Top of Dataset extract

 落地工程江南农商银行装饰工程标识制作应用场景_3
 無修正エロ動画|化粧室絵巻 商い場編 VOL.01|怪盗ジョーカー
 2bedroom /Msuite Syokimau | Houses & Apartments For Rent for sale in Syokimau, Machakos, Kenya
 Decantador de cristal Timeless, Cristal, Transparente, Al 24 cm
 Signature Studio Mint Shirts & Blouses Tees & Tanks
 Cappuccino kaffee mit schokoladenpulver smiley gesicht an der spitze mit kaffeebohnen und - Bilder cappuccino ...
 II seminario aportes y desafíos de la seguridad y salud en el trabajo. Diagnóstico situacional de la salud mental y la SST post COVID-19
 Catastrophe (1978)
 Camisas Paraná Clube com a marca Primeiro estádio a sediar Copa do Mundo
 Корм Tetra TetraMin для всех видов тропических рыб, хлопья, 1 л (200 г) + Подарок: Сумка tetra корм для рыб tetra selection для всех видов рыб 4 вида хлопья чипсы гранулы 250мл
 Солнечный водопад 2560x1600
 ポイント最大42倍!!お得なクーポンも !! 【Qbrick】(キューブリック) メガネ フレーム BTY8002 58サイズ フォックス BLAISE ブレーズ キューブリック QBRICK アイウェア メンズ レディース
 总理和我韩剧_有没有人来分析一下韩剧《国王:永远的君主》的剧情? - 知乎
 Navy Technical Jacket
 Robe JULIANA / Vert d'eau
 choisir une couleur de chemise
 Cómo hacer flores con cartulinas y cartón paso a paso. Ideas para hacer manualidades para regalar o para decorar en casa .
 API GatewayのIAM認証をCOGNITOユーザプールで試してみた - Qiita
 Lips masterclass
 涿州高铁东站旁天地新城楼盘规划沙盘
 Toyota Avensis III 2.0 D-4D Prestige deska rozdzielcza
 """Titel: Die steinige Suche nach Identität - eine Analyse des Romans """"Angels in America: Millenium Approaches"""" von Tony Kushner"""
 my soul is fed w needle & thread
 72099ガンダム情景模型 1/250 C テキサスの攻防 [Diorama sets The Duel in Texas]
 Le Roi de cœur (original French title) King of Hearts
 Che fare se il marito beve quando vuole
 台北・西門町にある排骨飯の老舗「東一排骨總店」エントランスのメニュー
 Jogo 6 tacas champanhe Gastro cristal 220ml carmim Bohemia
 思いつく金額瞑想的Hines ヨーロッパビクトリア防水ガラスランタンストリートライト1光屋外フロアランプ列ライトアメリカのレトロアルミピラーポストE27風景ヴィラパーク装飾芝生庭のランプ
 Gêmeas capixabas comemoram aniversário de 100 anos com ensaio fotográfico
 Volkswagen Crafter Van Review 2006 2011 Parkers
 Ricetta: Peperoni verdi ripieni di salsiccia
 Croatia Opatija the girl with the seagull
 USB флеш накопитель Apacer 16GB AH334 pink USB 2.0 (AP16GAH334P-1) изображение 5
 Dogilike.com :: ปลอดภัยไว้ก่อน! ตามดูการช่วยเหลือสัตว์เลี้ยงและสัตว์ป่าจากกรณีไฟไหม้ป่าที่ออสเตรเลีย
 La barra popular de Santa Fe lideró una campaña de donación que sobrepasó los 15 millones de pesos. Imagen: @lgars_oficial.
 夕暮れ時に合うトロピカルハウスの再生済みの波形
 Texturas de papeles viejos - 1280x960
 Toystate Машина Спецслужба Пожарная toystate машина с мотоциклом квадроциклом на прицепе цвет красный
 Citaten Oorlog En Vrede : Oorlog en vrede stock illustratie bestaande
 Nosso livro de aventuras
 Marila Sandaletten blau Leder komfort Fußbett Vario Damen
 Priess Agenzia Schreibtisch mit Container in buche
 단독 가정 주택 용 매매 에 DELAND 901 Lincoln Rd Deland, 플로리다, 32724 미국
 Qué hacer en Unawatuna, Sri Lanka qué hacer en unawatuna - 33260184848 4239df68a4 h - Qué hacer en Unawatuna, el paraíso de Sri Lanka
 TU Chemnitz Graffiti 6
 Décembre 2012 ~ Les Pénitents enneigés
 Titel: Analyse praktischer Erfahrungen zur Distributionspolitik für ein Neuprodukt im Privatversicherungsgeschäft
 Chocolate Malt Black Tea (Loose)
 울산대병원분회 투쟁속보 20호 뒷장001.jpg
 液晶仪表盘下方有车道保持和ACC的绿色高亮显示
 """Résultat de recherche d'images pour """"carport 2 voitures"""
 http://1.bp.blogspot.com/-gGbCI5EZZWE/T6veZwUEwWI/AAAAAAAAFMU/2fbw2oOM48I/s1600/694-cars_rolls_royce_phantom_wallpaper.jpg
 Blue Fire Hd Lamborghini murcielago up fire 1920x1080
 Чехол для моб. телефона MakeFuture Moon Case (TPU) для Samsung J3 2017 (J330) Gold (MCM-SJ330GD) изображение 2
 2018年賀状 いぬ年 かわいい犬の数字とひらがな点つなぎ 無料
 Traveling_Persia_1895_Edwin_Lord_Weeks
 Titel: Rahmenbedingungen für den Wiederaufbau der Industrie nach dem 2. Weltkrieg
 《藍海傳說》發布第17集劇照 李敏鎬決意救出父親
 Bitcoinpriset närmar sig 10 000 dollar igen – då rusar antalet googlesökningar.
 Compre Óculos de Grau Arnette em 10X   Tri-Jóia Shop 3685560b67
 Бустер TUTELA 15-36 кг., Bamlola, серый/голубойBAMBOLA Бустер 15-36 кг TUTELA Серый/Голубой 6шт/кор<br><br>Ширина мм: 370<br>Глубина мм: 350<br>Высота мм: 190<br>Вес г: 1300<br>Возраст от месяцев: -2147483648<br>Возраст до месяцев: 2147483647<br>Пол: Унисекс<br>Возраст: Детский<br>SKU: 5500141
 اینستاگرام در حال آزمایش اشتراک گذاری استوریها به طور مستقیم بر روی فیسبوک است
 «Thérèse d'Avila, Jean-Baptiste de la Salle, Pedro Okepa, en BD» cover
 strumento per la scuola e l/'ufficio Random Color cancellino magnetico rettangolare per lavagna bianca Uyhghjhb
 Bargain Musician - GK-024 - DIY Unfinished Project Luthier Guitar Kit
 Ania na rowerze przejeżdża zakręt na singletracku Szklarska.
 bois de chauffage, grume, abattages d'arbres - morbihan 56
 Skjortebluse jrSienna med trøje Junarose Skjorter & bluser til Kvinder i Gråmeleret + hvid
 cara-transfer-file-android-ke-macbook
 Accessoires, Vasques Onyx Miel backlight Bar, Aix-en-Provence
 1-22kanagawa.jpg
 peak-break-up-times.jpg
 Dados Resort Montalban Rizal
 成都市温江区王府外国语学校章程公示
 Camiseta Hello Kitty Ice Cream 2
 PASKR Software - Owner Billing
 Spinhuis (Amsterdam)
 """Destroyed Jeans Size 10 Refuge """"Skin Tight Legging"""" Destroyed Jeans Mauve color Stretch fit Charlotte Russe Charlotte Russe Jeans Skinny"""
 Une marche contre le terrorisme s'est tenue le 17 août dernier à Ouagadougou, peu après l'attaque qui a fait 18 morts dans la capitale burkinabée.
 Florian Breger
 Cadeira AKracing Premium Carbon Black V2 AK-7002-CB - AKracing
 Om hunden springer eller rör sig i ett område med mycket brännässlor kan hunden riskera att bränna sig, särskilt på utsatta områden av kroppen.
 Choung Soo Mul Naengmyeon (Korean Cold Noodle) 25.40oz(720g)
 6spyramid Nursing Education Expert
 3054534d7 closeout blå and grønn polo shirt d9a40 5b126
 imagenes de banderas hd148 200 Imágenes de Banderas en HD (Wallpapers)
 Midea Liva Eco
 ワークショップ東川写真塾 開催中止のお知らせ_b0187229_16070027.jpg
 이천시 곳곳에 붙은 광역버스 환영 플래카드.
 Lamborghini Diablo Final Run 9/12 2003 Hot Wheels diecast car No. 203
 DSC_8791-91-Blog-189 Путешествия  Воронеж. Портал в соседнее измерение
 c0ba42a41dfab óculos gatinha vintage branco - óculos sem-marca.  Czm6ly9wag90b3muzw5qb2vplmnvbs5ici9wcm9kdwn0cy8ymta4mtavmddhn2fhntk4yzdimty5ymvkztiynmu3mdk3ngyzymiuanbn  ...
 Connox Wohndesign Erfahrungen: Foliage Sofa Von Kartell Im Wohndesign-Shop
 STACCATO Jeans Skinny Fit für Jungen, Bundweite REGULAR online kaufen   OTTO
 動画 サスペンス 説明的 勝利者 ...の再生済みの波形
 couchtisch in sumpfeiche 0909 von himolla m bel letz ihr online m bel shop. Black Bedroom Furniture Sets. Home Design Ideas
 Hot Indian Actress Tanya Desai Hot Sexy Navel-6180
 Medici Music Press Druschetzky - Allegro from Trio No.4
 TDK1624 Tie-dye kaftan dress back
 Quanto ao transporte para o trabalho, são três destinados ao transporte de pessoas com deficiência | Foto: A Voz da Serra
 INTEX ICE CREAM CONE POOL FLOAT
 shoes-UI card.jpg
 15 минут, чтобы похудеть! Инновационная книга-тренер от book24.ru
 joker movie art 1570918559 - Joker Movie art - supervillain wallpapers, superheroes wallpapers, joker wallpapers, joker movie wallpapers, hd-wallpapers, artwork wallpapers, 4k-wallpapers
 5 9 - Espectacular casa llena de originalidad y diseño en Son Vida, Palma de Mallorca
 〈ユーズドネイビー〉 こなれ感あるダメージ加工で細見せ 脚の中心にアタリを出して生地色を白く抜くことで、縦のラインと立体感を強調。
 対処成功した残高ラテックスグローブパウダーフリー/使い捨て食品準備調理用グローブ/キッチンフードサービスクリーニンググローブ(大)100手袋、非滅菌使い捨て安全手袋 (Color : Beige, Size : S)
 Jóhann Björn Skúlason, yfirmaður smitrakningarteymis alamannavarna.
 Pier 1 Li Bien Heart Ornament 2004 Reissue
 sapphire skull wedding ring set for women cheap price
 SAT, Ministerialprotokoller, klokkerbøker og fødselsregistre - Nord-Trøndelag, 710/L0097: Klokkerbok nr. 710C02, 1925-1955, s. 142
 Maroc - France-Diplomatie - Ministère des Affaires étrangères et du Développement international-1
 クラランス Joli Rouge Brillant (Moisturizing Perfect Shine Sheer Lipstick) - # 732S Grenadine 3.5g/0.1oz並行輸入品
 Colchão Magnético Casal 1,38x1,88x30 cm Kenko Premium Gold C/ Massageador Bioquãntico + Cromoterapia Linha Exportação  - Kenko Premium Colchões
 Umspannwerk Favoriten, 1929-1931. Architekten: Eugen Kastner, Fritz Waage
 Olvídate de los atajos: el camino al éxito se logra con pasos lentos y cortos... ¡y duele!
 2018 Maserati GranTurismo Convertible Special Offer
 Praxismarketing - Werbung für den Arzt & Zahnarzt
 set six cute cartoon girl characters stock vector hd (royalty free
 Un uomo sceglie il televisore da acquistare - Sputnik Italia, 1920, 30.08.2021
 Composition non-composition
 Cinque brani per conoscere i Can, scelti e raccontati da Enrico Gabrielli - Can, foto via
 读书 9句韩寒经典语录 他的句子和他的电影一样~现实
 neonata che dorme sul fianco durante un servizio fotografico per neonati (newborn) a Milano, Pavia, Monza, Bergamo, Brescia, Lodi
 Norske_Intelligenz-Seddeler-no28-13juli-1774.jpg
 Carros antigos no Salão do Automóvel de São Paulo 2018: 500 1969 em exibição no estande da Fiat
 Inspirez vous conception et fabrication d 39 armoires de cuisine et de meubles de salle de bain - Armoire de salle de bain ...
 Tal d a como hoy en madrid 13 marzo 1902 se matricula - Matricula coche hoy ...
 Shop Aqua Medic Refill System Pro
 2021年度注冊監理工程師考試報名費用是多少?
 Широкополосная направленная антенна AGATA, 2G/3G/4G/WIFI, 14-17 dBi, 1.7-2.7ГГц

Bottom of Dataset extract

Exercise aim :: Given the records above, return exactly the lines starting at the line containing "my soul is fed w needle & thread" and ending at the line containing "Ricetta: Peperoni verdi ripieni di salsiccia", including both.

Answer box ::
 my soul is fed w needle & thread
 72099ガンダム情景模型 1/250 C テキサスの攻防 [Diorama sets The Duel in Texas]
 Le Roi de cœur (original French title) King of Hearts
 Che fare se il marito beve quando vuole
 台北・西門町にある排骨飯の老舗「東一排骨總店」エントランスのメニュー
 Jogo 6 tacas champanhe Gastro cristal 220ml carmim Bohemia
 思いつく金額瞑想的Hines ヨーロッパビクトリア防水ガラスランタンストリートライト1光屋外フロアランプ列ライトアメリカのレトロアルミピラーポストE27風景ヴィラパーク装飾芝生庭のランプ
 Gêmeas capixabas comemoram aniversário de 100 anos com ensaio fotográfico
 Volkswagen Crafter Van Review 2006 2011 Parkers
 Ricetta: Peperoni verdi ripieni di salsiccia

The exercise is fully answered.